Token Sniffer is dead simple: paste a smart contract address into the tool to scan for telltale signs of a scam. But that doesn’t really scale for companies that need to check hundreds of tokens in a day.
That’s why Solidus Labs, the blockchain security firm that acquired Token Sniffer last year, is rolling out Token Sniffer API subscriptions for larger clients like decentralized exchanges and trading bots. With it, customers can programmatically run sniff tests on more than 2 million tokens across 12 blockchains, including Ethereum, BNB Smart Chain, Polygon, Arbitrum, and Optimism.
Token Sniffer helps detect two of the most common token scams: rug pulls and honeypots.
Rug pulls involve a newly launched token that’s sold to hapless investors and then abandoned by its creators. Once the developers sell their share of tokens, the unsuspecting users who bought them are left with a worthless asset. Honeypots start the same way, with a new token offering, but the perpetrators stop users from reselling their tokens.
But there are others, like impersonation scams. When Coinbase launched its layer 2, Base, Token Sniffer identified four different tokens on the Fantom and Ethereum networks trying to use the company’s big news for a grift.

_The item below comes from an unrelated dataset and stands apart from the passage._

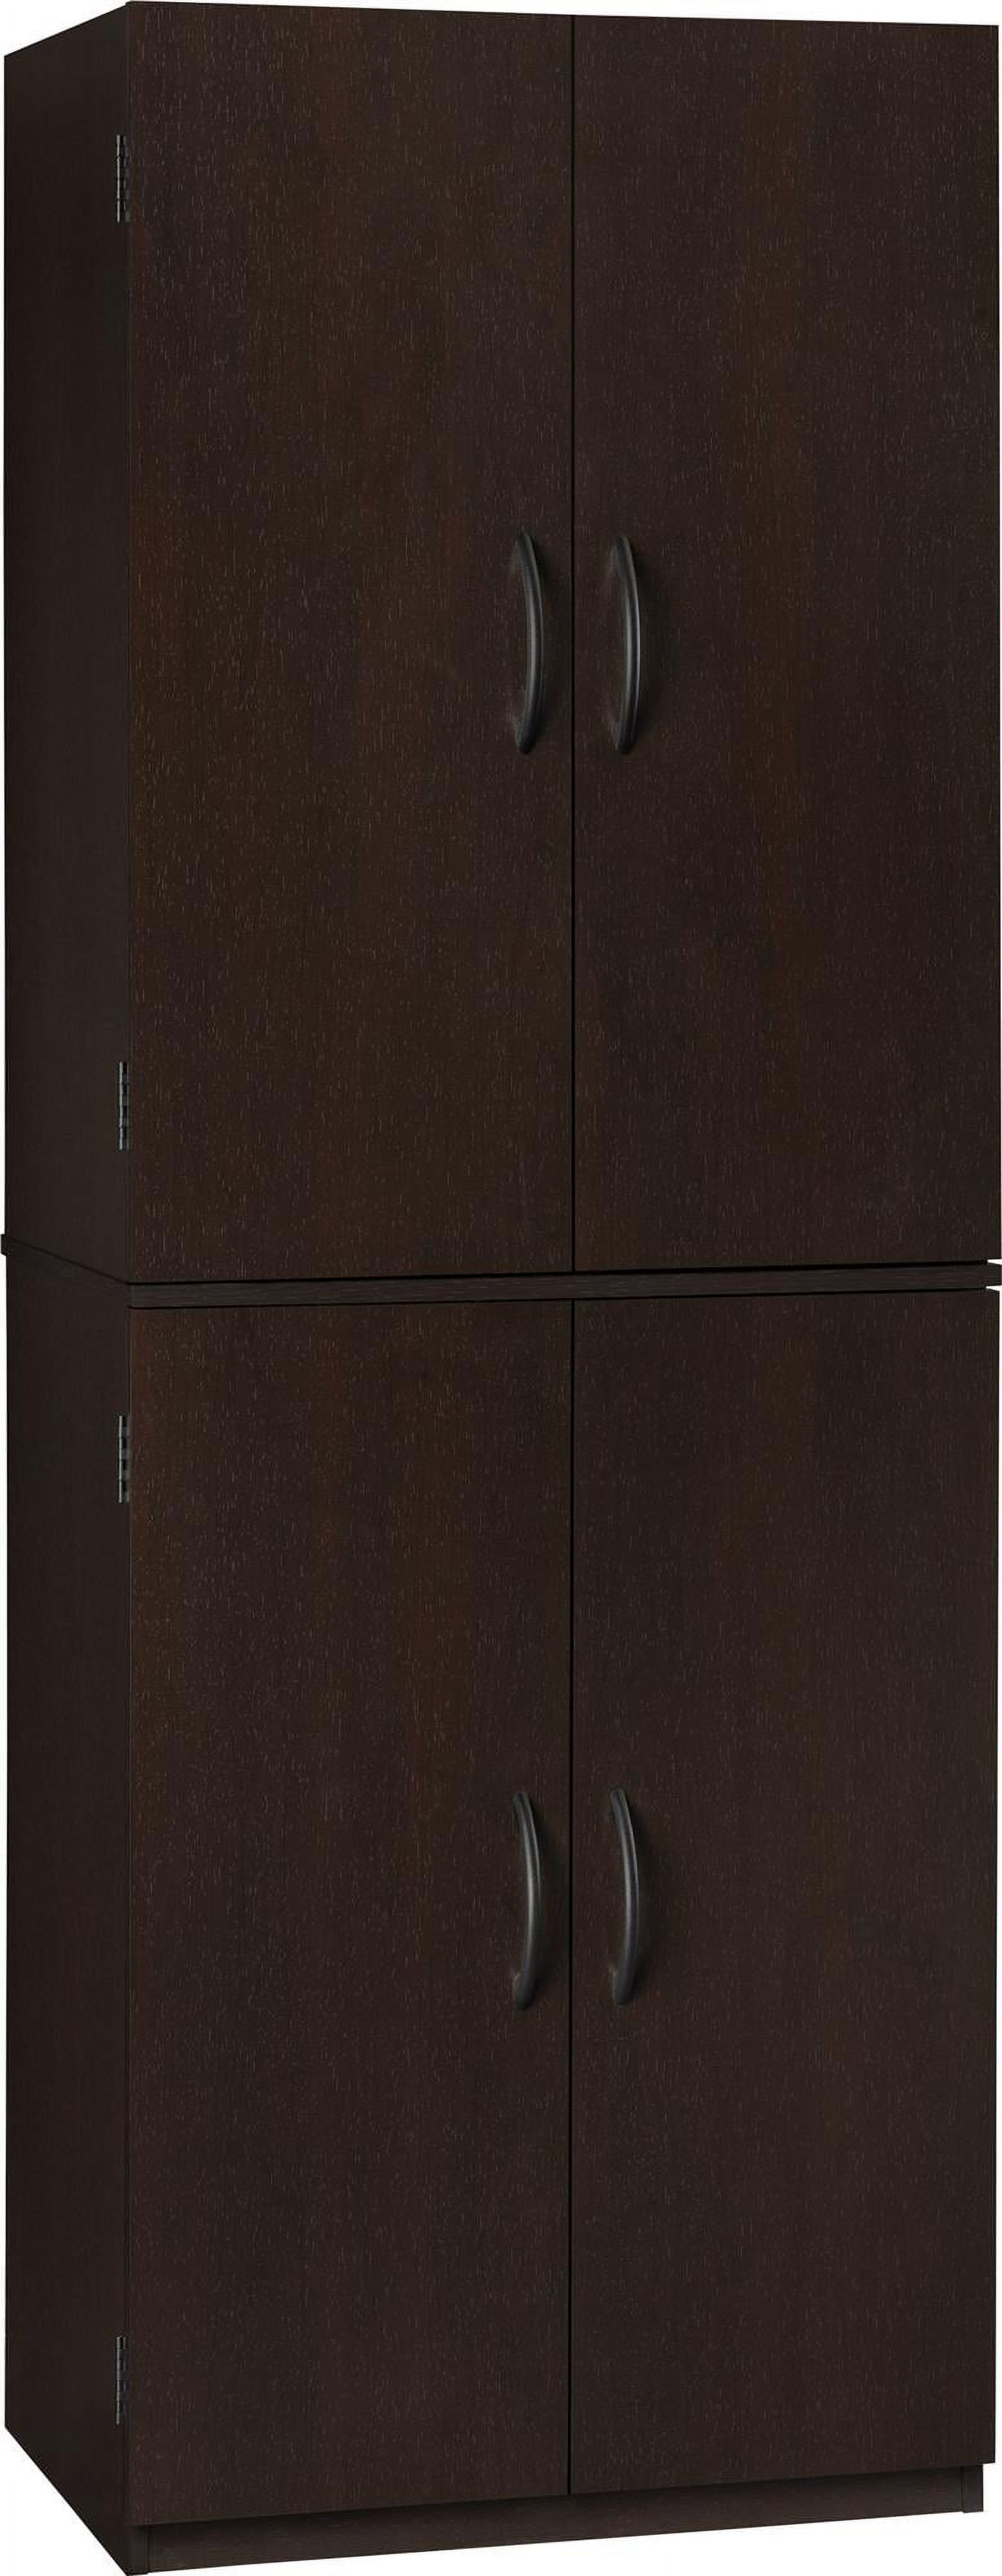 Mainstays 4-Door 5' Storage Cabinet, Dark Chocolate - image 3 of 9

Solidus Labs says it has found more than 250,000 rug pulls since 2021, estimating that there’s a new scam token created every 4 minutes—about as long as it’ll take to read this article. Last year alone, rug pulls are estimated to have impacted 2 million users, according to a Solidus data analysis.
Its tool has also been getting upwards of tens of thousands of unique visitors per day since DeFi started to take off in 2021.
“Simultaneously, we’ve been getting inbound requests from DEXs and professional traders for a scalable way to use TokenSniffer, and this API option is a natural next step to provide the industry tools against the rug pull epidemic,” Arad said.
The new API subscriptions will be offered in two tiers, ranging from $100 to $200 per month. Solidus Labs chief operating officer Chen Arad said for anyone content to check tokens one at a time, the web tool will remain free.
That’s because Solidus said it doesn’t want safety for the average decentralized finance user locked behind a paid API endpoint.
“If my grandmother wants to use DeFi she doesn’t have to worry about someone rug pulling her or wash trading and taking a cut off the bottom and off the top,” Arad said. “That’s also a part of accessibility. If something is open to everyone, but it’s not safe, in my opinion, it’s inaccessible. And that’s the bottom line here.”
In fact, a quick search for Token Sniffer on Twitter mostly turns up mentions from developers bragging about their safety score or users grilling token issuers about why their smart contract has been flagged as a honeypot.
Arad, a former journalist and university lecturer, founded the company in 2018 with ex-Goldman Sachs engineers Asaf Meir and Praveen Kumar. It touts some notable backers: Former Commodities Future Trading Commission chair Chris Giancarlo and former SEC commissioner Troy Paredes.